■ Collected data entries

▼▼▼

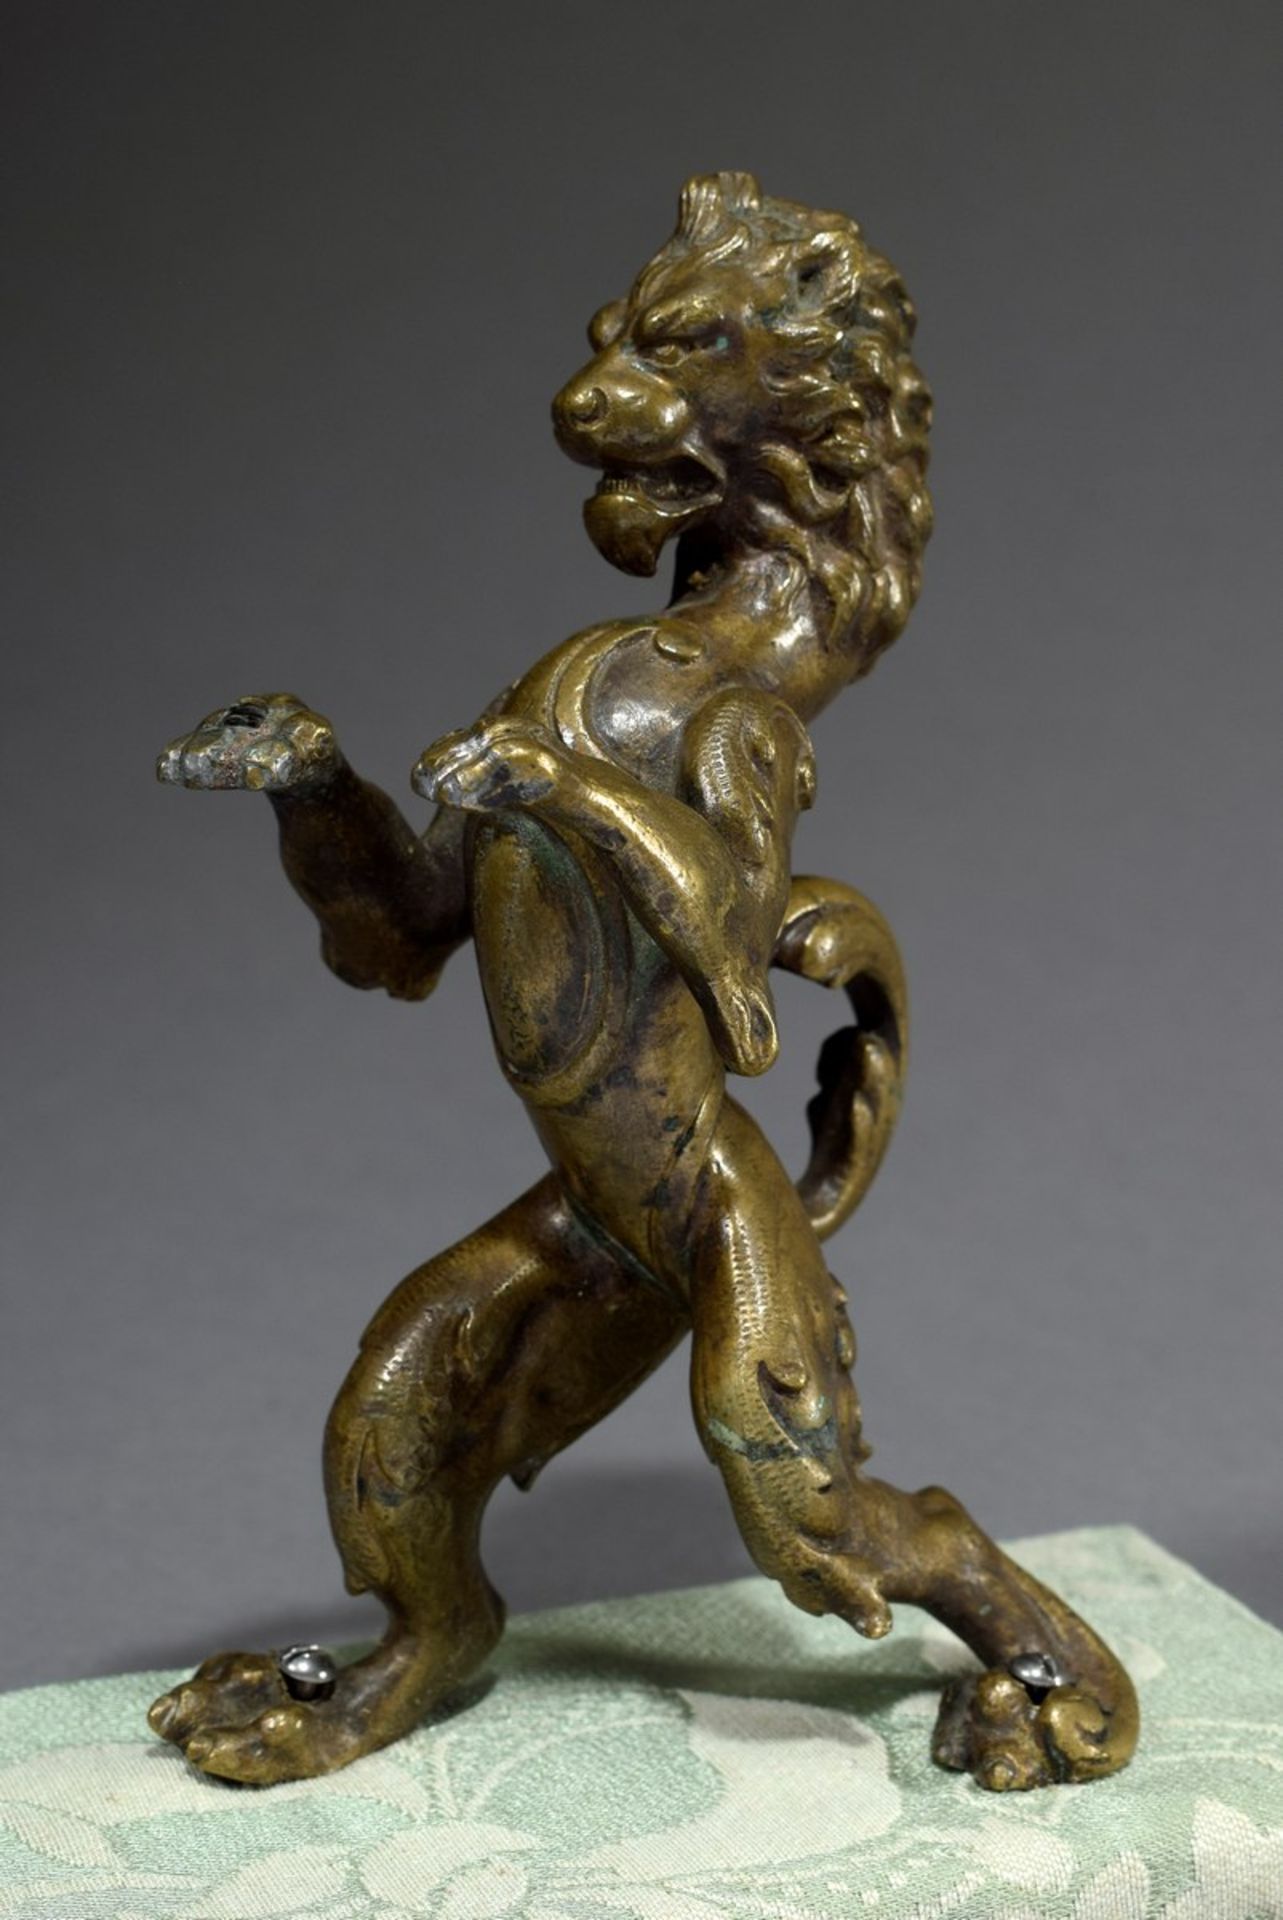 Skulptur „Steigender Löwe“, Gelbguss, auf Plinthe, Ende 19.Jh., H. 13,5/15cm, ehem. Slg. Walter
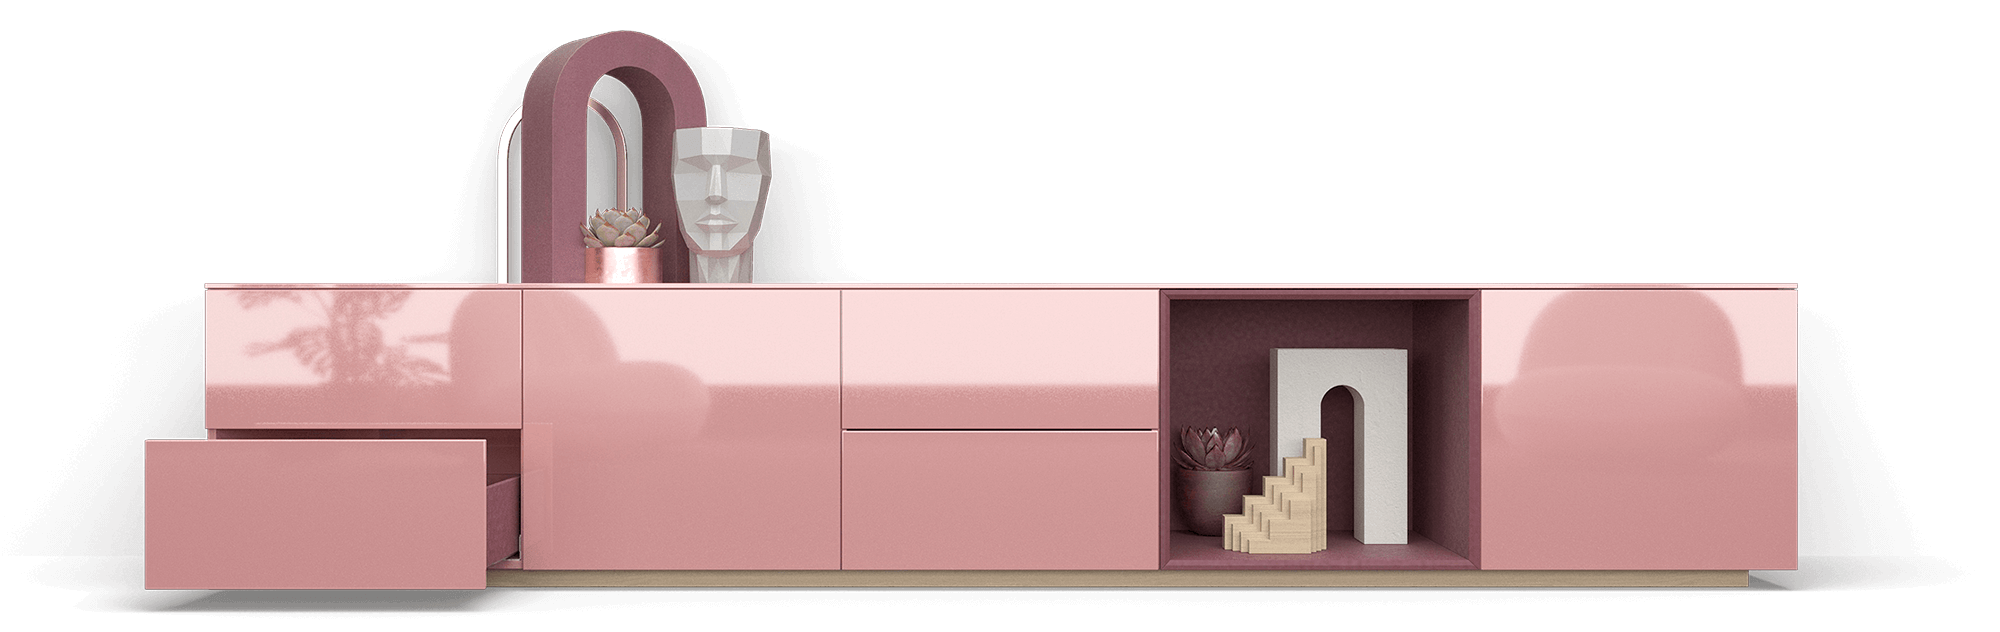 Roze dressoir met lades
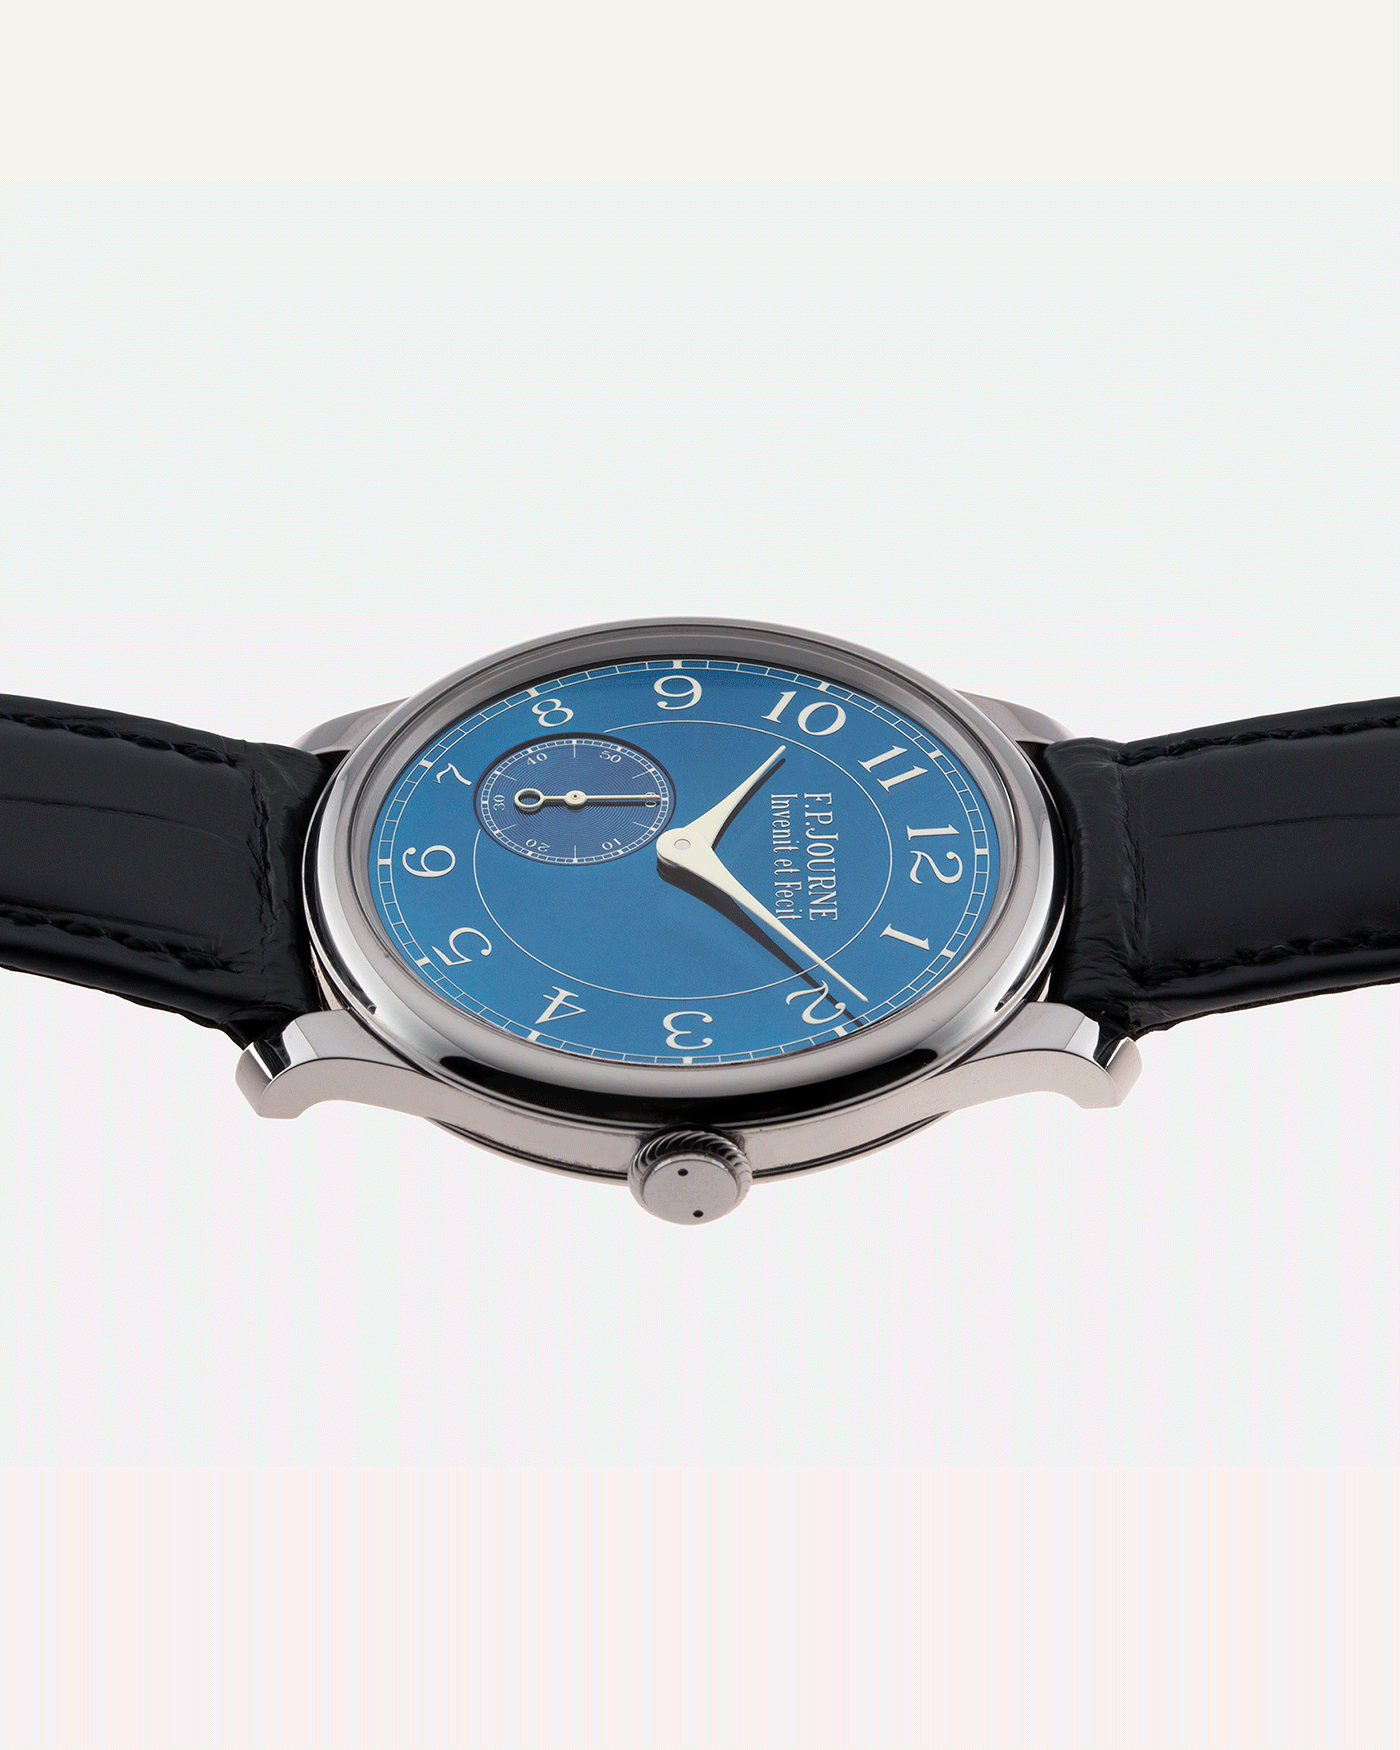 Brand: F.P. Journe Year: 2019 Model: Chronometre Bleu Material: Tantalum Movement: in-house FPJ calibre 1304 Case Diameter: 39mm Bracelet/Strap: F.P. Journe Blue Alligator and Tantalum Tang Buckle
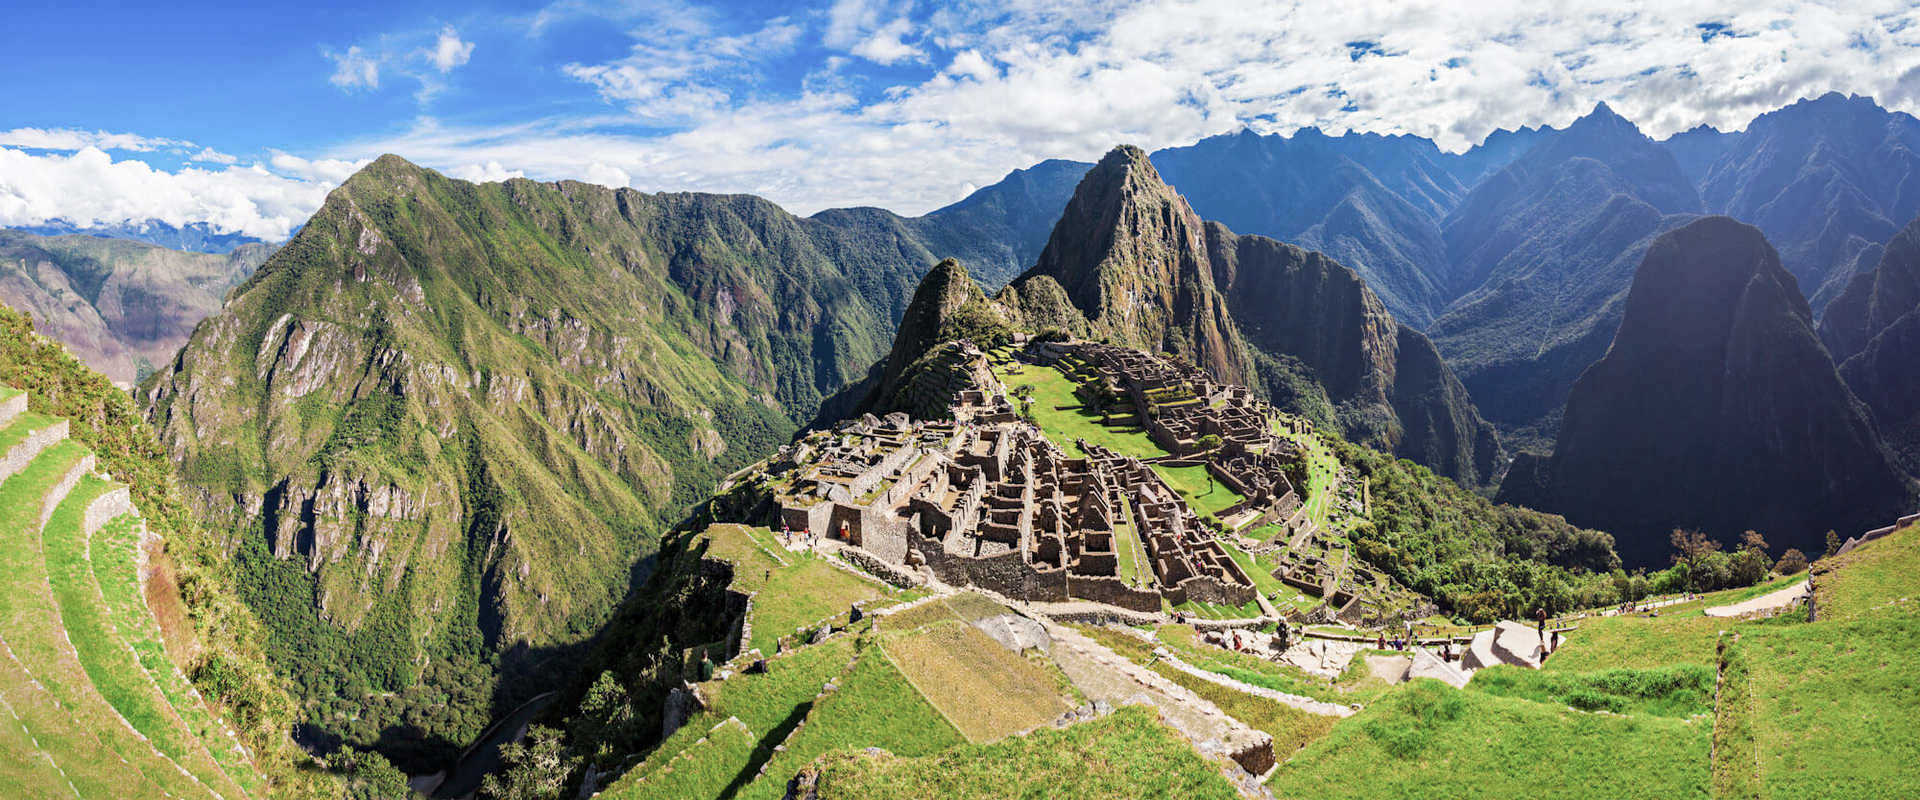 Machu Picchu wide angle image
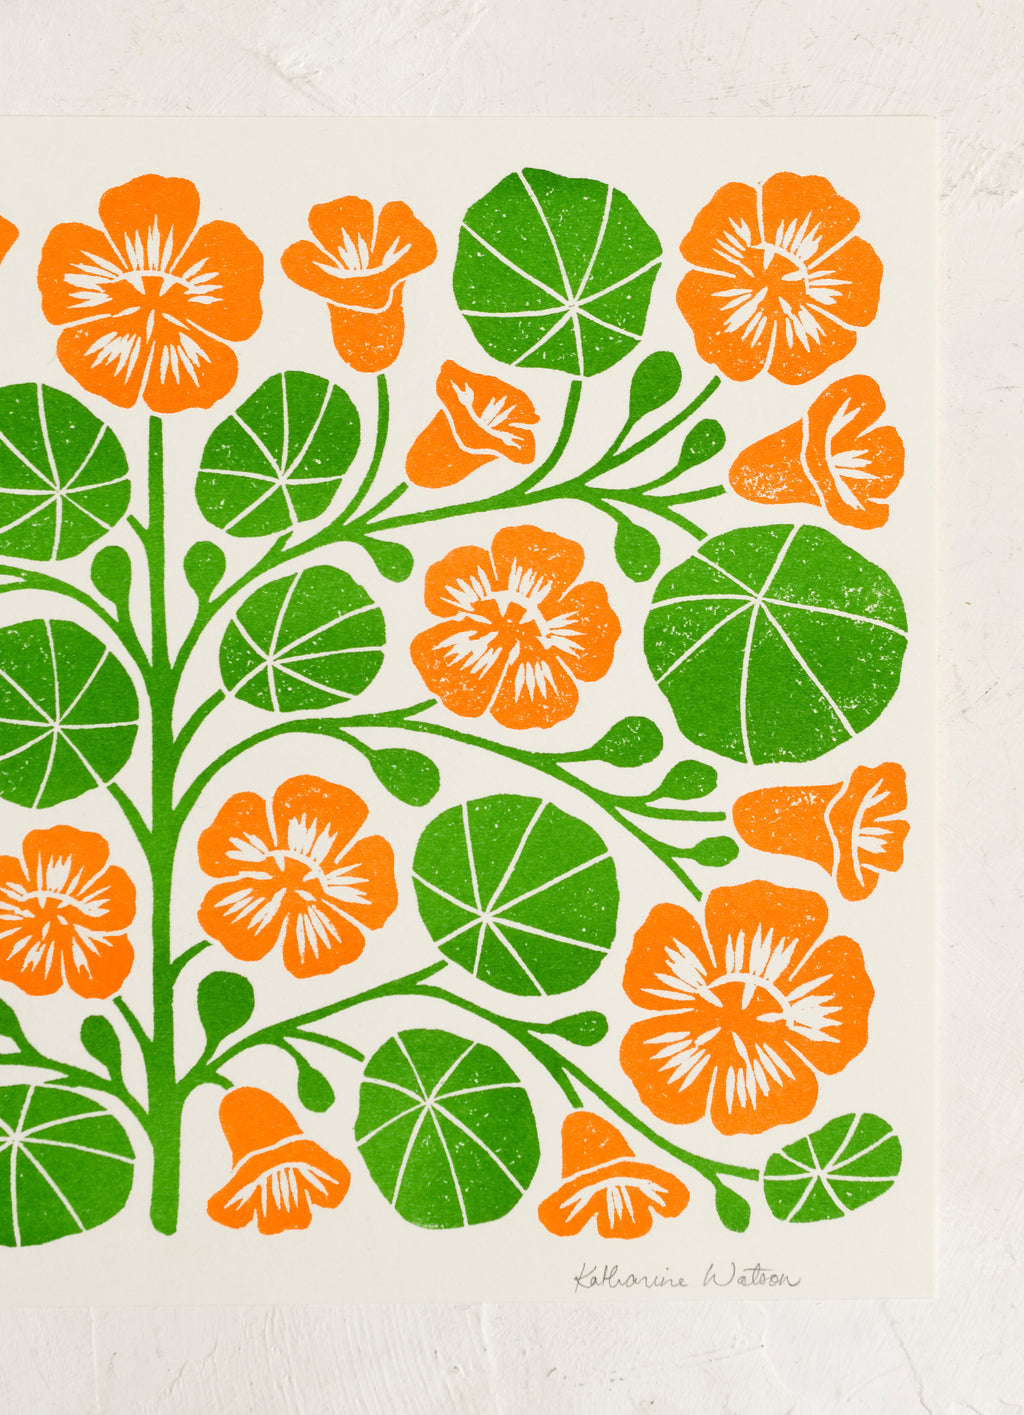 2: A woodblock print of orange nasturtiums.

▲▲▲

■ REQUIREMENT
The records above must be output exactly, except for the pictures.

■ ANSWER TO THE PROBLEM
 Skulptur „Steigender Löwe“, Gelbguss, auf Plinthe, Ende 19.Jh., H. 13,5/15cm, ehem. Slg. Walter
 Roze dressoir met lades
 Brand: F.P. Journe Year: 2019 Model: Chronometre Bleu Material: Tantalum Movement: in-house FPJ calibre 1304 Case Diameter: 39mm Bracelet/Strap: F.P. Journe Blue Alligator and Tantalum Tang Buckle
 Machu Picchu wide angle image
 2: A woodblock print of orange nasturtiums.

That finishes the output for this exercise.